Я шла по красивому, заснеженному городу. Он снится мне довольно часто, но это не Екатеринбург. Шумят, раскачиваясь, будто деревья, тонкие и высокие дома, неподвижны редкие сосны с общипанными верхушками, машины едут скучным и скученным потоком. Одно за другим зажигаются окна, веселый пьяница падает на раскатанной до блеска ледяной дорожке. Я иду в старой шубе, подняв воротник обеими руками. Стемнело, зажглись фонари.
Передо мной – старик, он бредет аккуратно, словно боится разбудить в себе болезнь резким движением. Правильные шаги, как машина: раз‑два, раз‑два. Дорожка узкая, приходится подстраиваться под этот солдатский ритм. Но я куда‑то тороплюсь во сне, поэтому вскоре спина старика оказывается прямо перед моим носом – можно даже уловить запах лекарств.
Он оборачивается.
– Эмиль Сергеевич?
– Здравствуй, Анечка!
Мы встаем на месте. Стой, раз‑два – как на уроках военного дела.

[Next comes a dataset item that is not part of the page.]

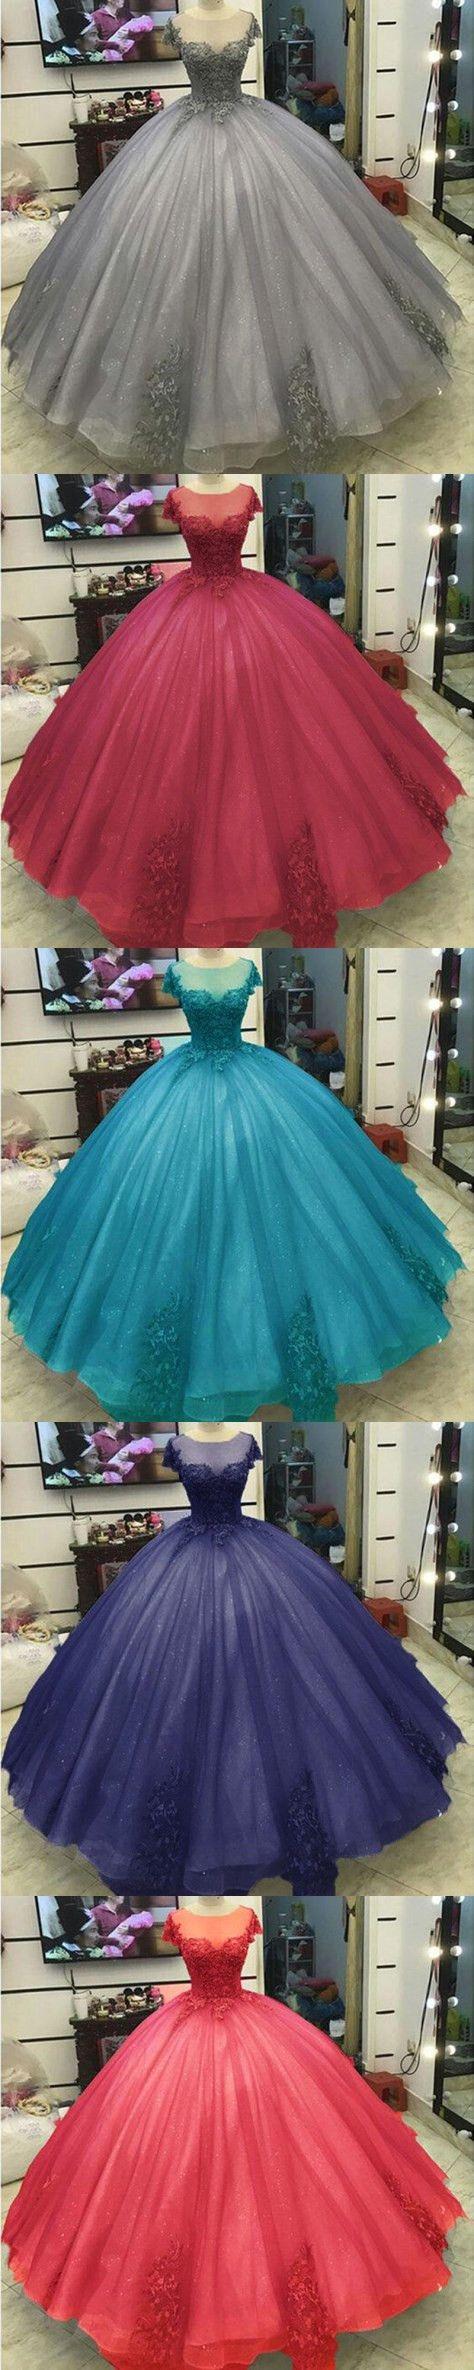 jewel tone gowns

– Вас же, то есть… вы же… – Я не могу артикулировать, но при этом мне совсем не страшно.
– Что‑что? Ах, ну да. Это совершенно не важно! Вот что важно, Анечка. Ты читаешь документы подряд, это, конечно, хорошо, но ты найди там у меня такой картонный конвертик – посмотри, что внутри, в первую очередь. И еще, Аня, – у тебя ведь не все мои бумаги! Ира наша никогда аккуратницей не была. И не увидела еще несколько листочков, я их как раз в тот… м‑м‑м… день смотрел. Ты уж найди их, пожалуйста. Я поэтому и пришел к тебе. Ясно, Анечка?
Я кивнула. Уж куда яснее. Передо мной белела пустая дорожка, протоптанная в глубоком снегу. Но я никуда не спешила. Как тот седок у ямщика.
Утром сон благополучно забылся. Я проснулась в замечательном настроении и подумала, что надо бы пойти прогуляться, тем более на улице слегка потеплело. Так мне показалось.
Уже на выходе тормознул телефон. Издатель. Тот самый, что отказался от романа. Нет, в смысле романа со мной он был как раз не против, несмотря на лысину и гадкую бороду. Ему не хотелось издавать произведение с «недостаточным эротическим контекстом».
– Здравствуй, деточка, – заговорил издатель, и мне показалось, что я чувствую запашок, будто мой собеседник не почистил зубы поутру. В Москве как раз было раннее утро, так что вполне возможно. – Ты подумала?
– Да, – сказала я, тоскливо глядя на дверь. Очень хотелось на улицу – проветрить голову.
– Ты переделаешь?
– Я перезвоню. Позже.
Короткие гудки. Странно, этот разговор меня совершенно не расстроил, хотя насчет эротического контекста – дело дохлое. Видимо, романа не будет. Никакого.
Как хорошо было на улице! Тот самый зимний день, что представляют себе эмигранты в далеких Парижах и Нью‑Йорках… Морозно, но не холодно, и даже снег скрипит по‑деревенски. Будто мы и не в городе‑заводе.
Я медленно пошла по своей улице вниз. Улица Декабристов. Странно – насколько сильно прикипаешь к названию, настолько же оно теряет смысл. Когда‑то здесь шли декабристы в Сибирь, а теперь течет поток машин.